Overall, we found a significant increase in staining with Melan-A and SOX-10 at the dermo-epidermal junction, compared to HMB-45. However, no significant difference was noted between Melan-A and SOX-10. A potential limitation to our study is the limited sample size. Although a difference in melanocyte count was not observed between Melan-A and SOX-10, our results show an apparent trend approaching significance. Melan-A or SOX-10 may be superior in staining melanocytes in melanocytic lesions, however SOX-10 may be more specific.

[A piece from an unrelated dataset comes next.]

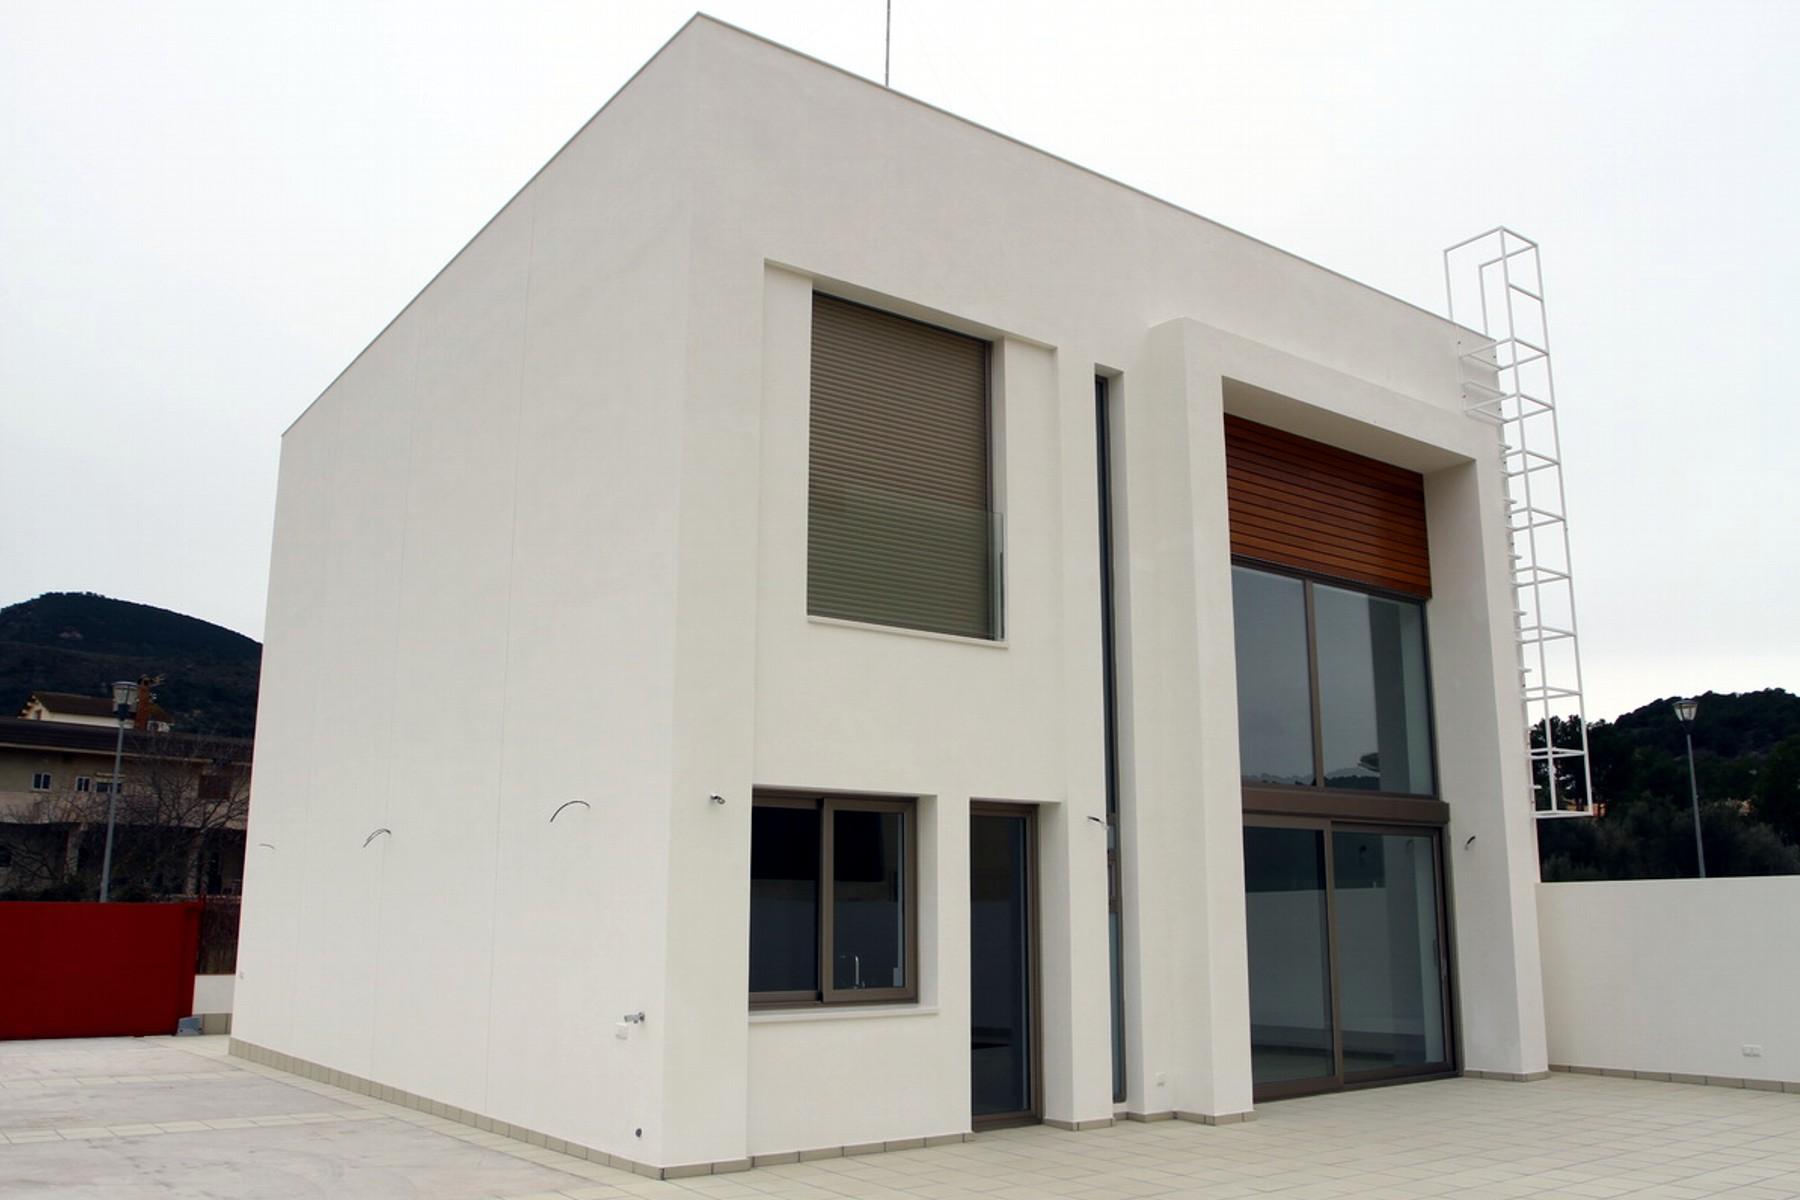 Imaginarq-349-Vivienda-Unifamiliar-Estivella-Valencia-7bA

Immunohistochemistry itself carries a few obstacles including its small biopsy size with a limited number of melanocytes and its differing sensitivity and specificity of antibodies to differentiate between melanocytes and keratinocytes.12 Pathologists need to consider the relative sensitivity of the stains utilized when interpreting results of staining in subtle melanocytic proliferations.

In conclusion, immunohistochemical stains are commonly used to quantify melanocytic proliferation, especially in the differential diagnosis of lentigo senilis and early melanoma in situ. Our study shows that the choice of immunohistochemical stain may result in different sensitivity for melanocytic proliferation.